La laicità di uno Stato significa che la propria legislazione riguardante le scelte relative a morte e vita sono sottoposte a una legge che tuteli i diritti dei singoli più che proclamare i dogmi di un cattolicesimo legato alla propria obbedienza gerarchica: è in fondo lo stesso problema degli Usa di Obama che a sua volta ha lanciato altri segnali positivi, ben accolti in America latina.

Sono due le grosse questioni del disgelo: Cuba, espulsa dal 1962 dall’Osa e Chavez con la sua «rivoluzione bolivariana». Per la prima ancora non si parla di sciogliere l’embargo, ma è positivo almeno il dialogo iniziato con Raul Castro, sostenuto da quasi tutti gli Stati latinoamericani, specie dall’Argentina di Cristina Kirchner.

Per il secondo la stretta di mano con Obama al V Vertice della Cupola delle Americhe (Osa) a Trinidad e Tobago della terza settimana di aprile è un inizio di percorso che sarà lungo, ha detto Obama, ma non più ignorato.

Alcune considerazioni finali

1) la V Cupola dell’Osa ha aperto un dialogo vero fra due Americhe che non si parlavano da molto tempo. Aprire un dialogo non significa ancora arrivare a mediazioni altrettanto reali sulle questioni scottanti che dividono, ma per lo meno significa un assumersi reciproco come interlocutori, ri-conoscersi, non demonizzarsi più. Può essere un buon inizio.
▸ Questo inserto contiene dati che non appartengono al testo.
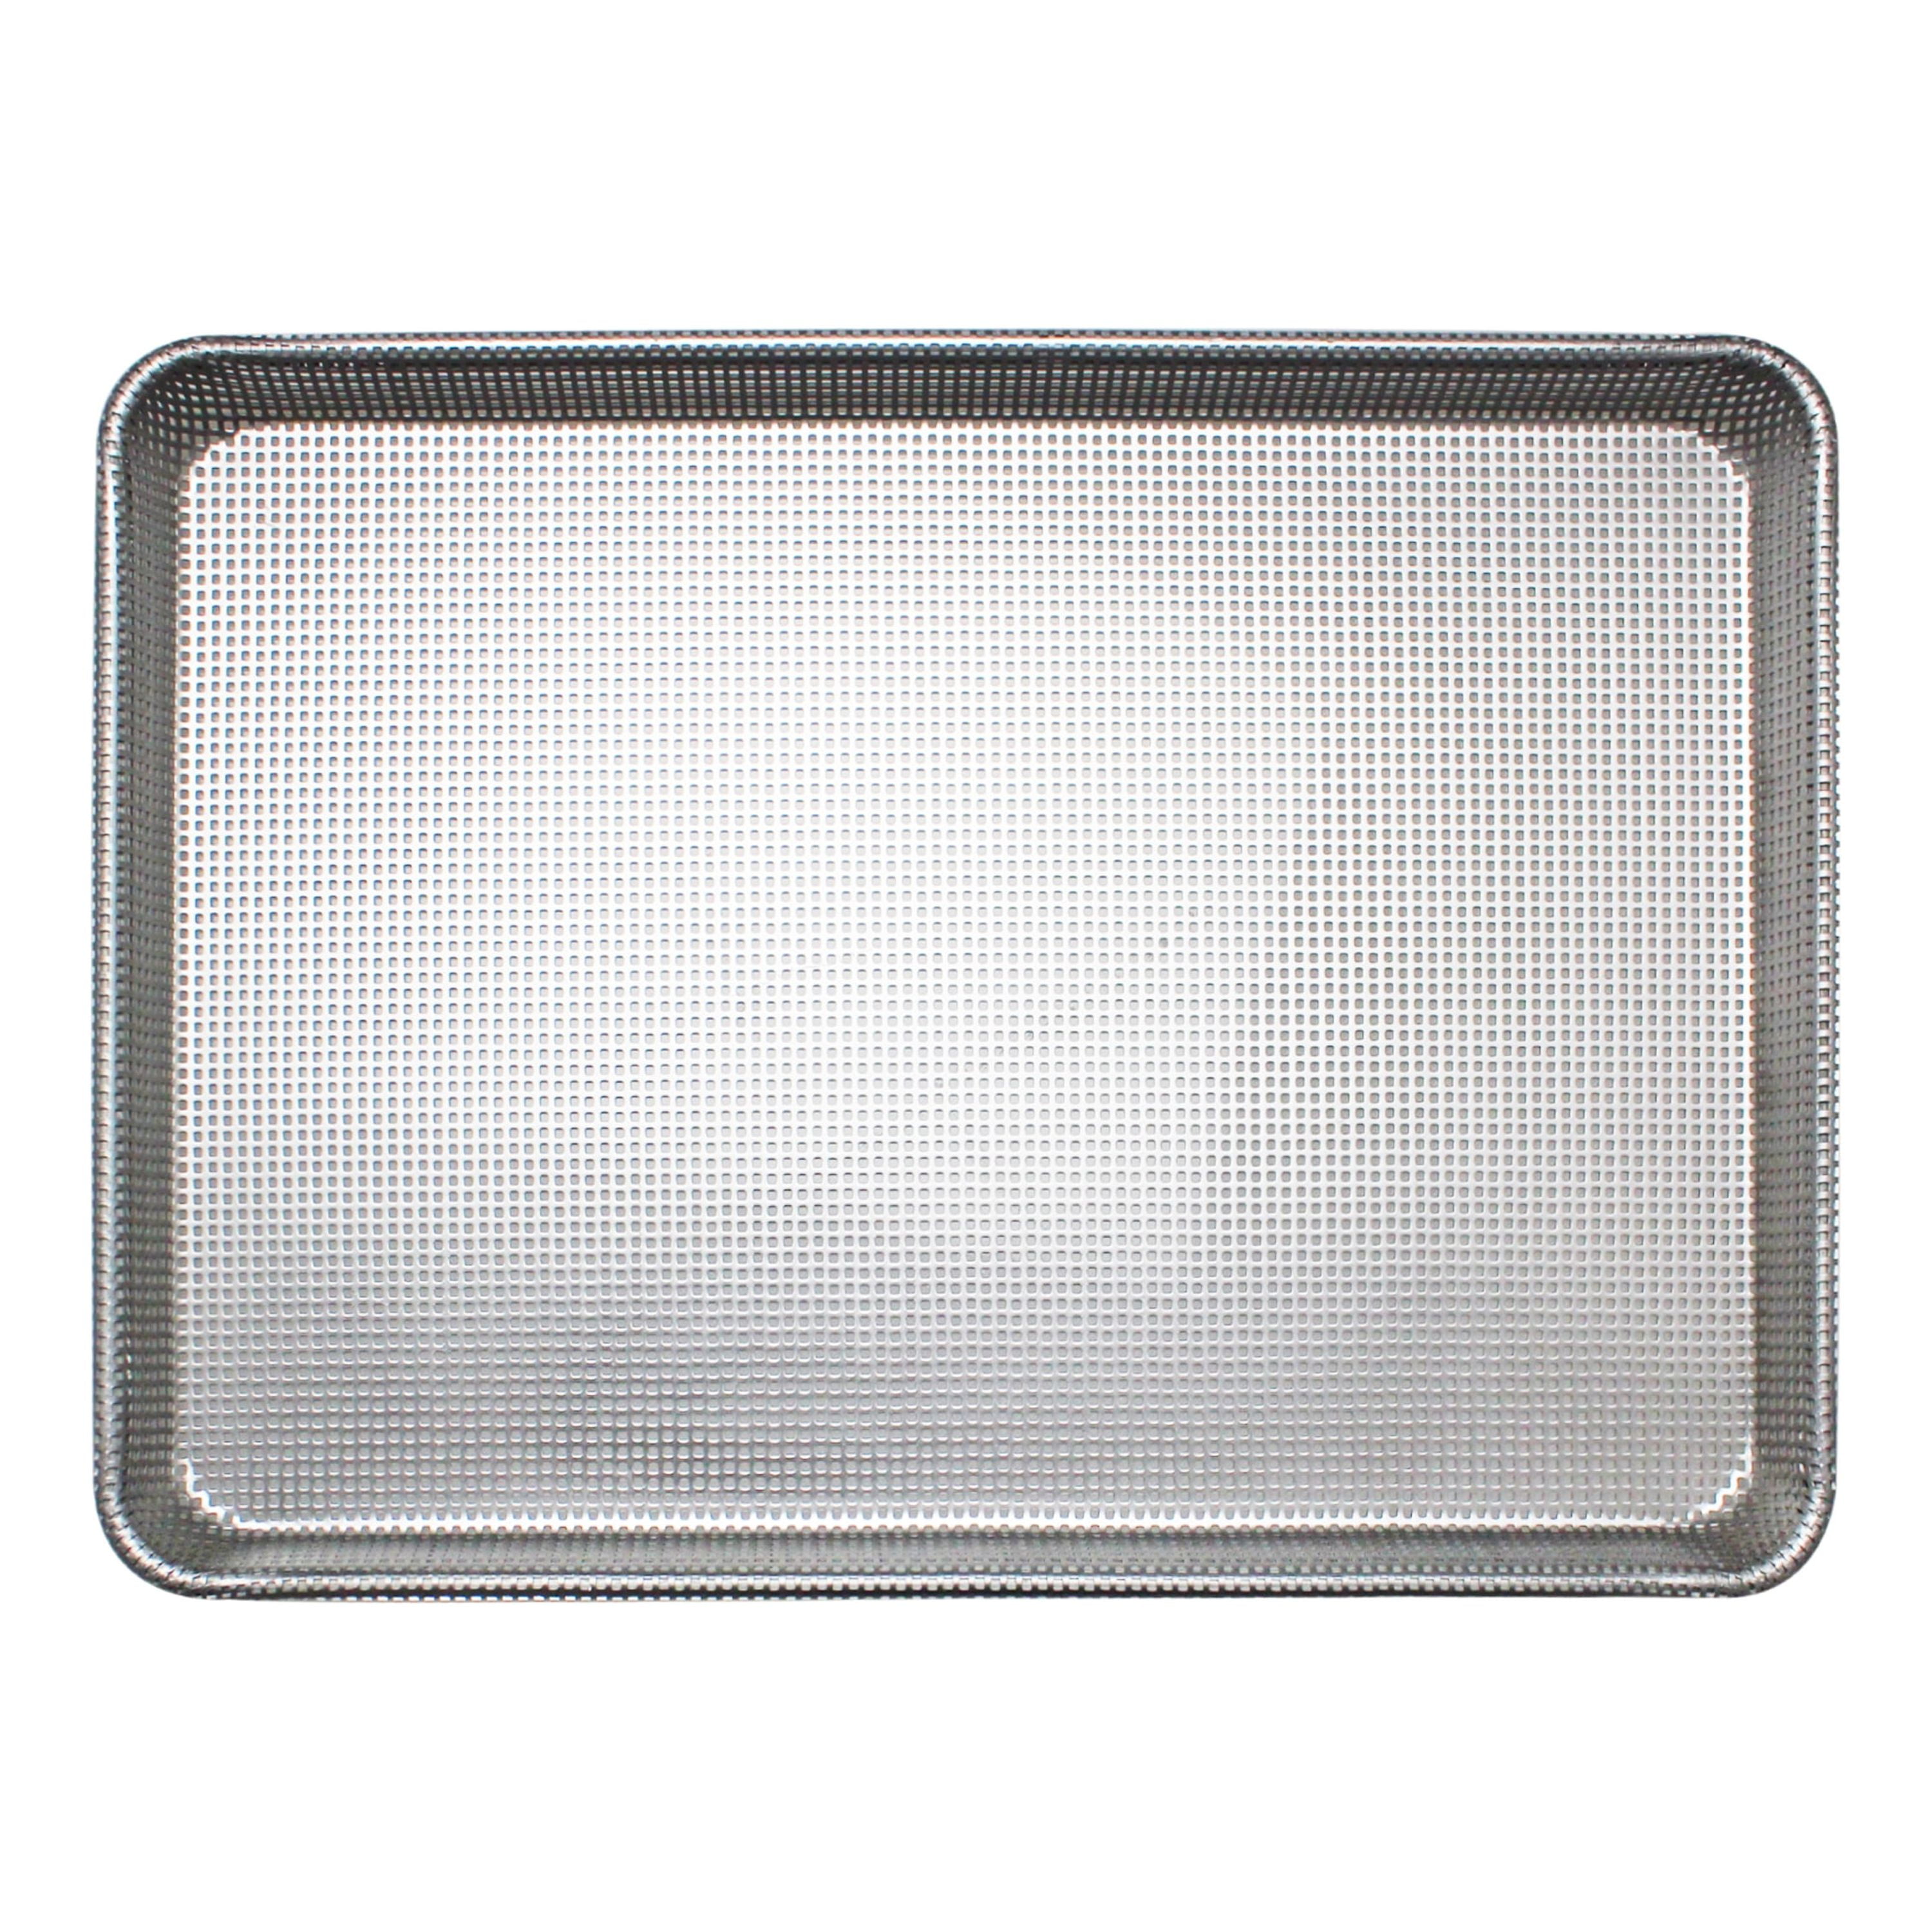 Perforated Full Size Sheet Pan 18x26, Used - Discount Bakery Equipment

2) Se questo dialogo proseguirà davvero le Americhe dovranno affrontare una delle contraddizioni più profonde che questo secolo ancora deve risolvere: quella fra Paesi ricchi e Paesi poveri, fra gli Usa dominanti e il centro e sud America emergente. Le soluzioni possibili di questo divario potrebbero essere emblematiche anche per altre parti del mondo.

3) Certo se cambieranno i rapporti fra Usa e America latina, soprattutto in questo ultimo subcontinente dovrà cambiare l’immagine di sfiducia ormai sedimentata verso gli Usa. Decenni di interferenze – dal Plan Condor, operazione che ha legato le dittature sudamericane degli anni ‘70 nella caccia alle opposizioni, al ruolo delle multinazionali come la United Fruit Company e a quelle petrolifere, fino alle interferenze in Paesi come Panama, Nicaragua e Guatemala – hanno costruito un muro potente di divisione. Sarà interessante capire quale nuove culture fioriranno se il dialogo con Obama continuerà.

4) La questione dell’embargo a Cuba, infine, non sarà di rapida soluzione, ma si percepisce almeno che non è più tabù parlarne. La speranza è che pressioni della Segretaria di Stato Hillary Clinton per la liberazione dei dissidenti cubani e l’apertura di un processo di apertura dell’embargo possano ridare a Cuba ossigeno politico, economico e culturale.